Let’s also examine hedge fund activity in other stocks – not necessarily in the same industry as Dril-Quip, Inc. (NYSE:DRQ) but similarly valued. These stocks are Uniqure NV (NASDAQ:QURE), Presidio, Inc. (NASDAQ:PSDO), Beneficial Bancorp, Inc. (NASDAQ:BNCL), and Hercules Capital, Inc. (NYSE:HTGC). This group of stocks’ market values match DRQ’s market value.
|Ticker||No of HFs with positions||Total Value of HF Positions (x1000)||Change in HF Position|
View table here if you experience formatting issues.

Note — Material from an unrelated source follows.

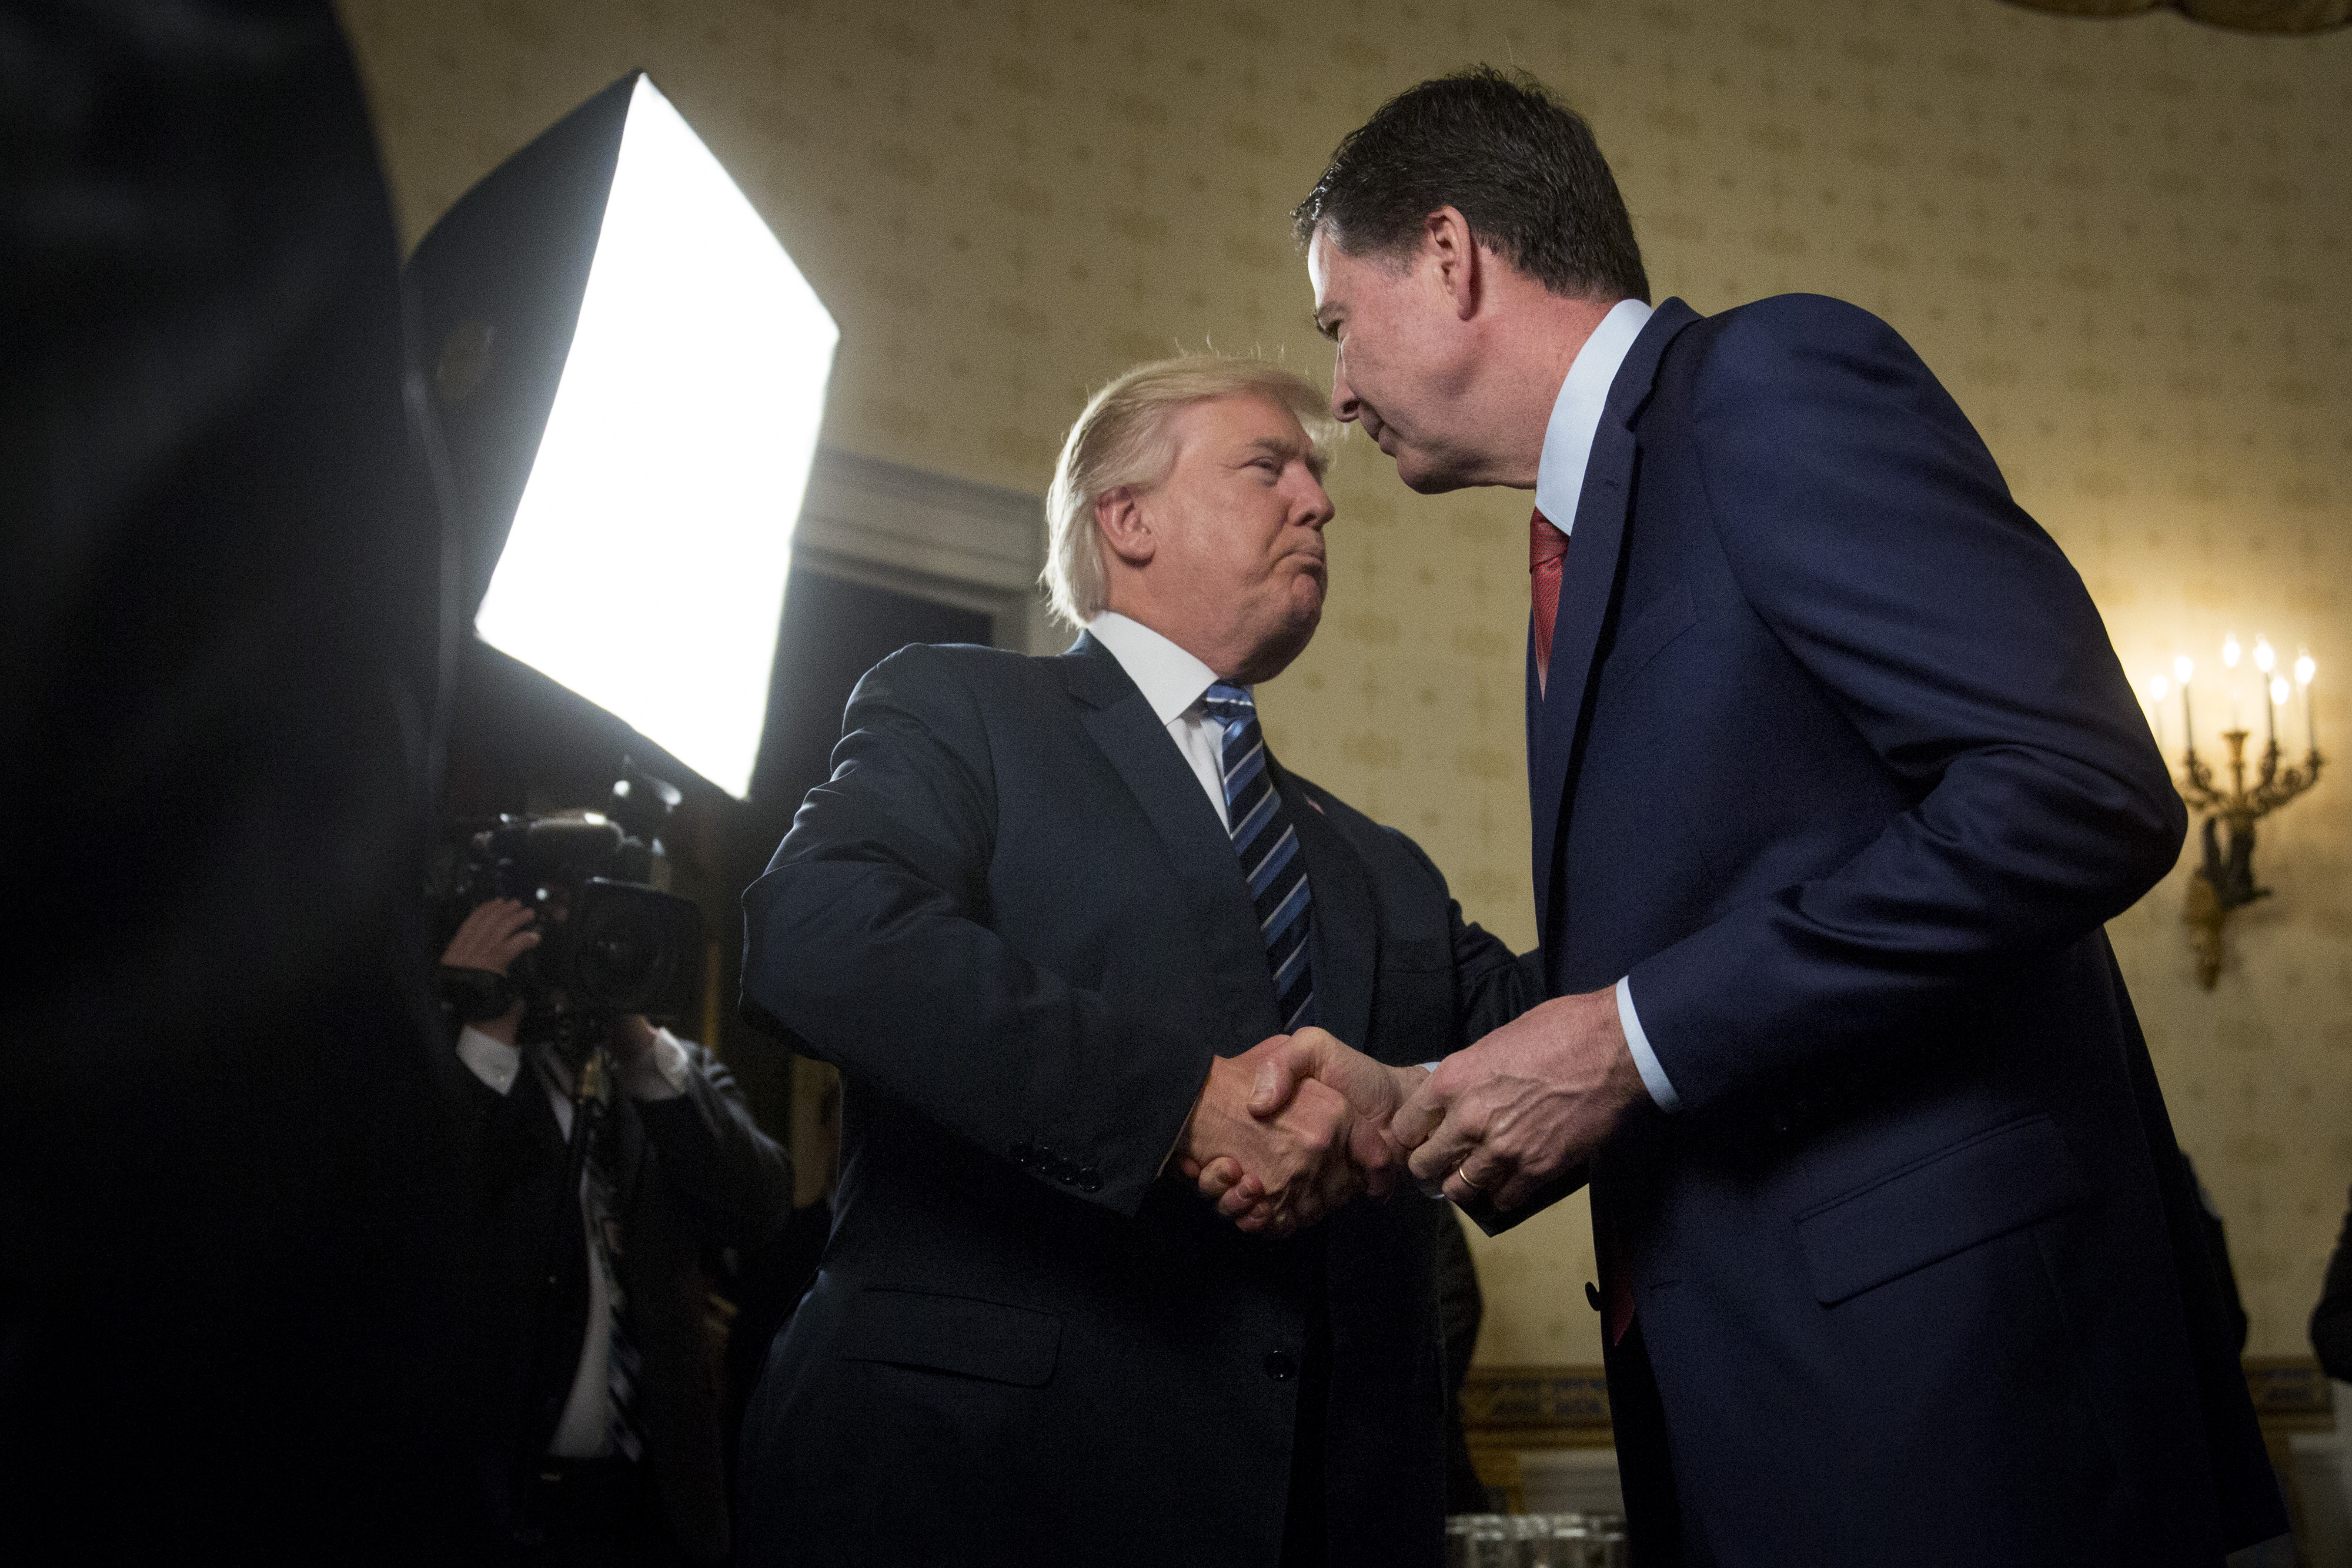 U.S. President Donald Trump, left, shakes hands with James Comey, director of the Federal Bureau of Investigation (FBI), during an Inaugural Law Enforcement Officers and First Responders Reception in the Blue Room of the White House in Washington, D.C., on Jan. 22, 2017. (Andrew Harrer—Bloomberg via Getty Images)

As you can see these stocks had an average of 11.5 hedge funds with bullish positions and the average amount invested in these stocks was $96 million. That figure was $127 million in DRQ’s case. Uniqure NV (NASDAQ:QURE) is the most popular stock in this table. On the other hand Presidio, Inc. (NASDAQ:PSDO) is the least popular one with only 6 bullish hedge fund positions. Compared to these stocks Dril-Quip, Inc. (NYSE:DRQ) is more popular among hedge funds. Our calculations showed that top 15 most popular stocks) among hedge funds returned 24.2% through April 22nd and outperformed the S&P 500 ETF (SPY) by more than 7 percentage points. Hedge funds were also right about betting on DRQ as the stock returned 54% and outperformed the market by an even larger margin. Hedge funds were clearly right about piling into this stock relative to other stocks with similar market capitalizations.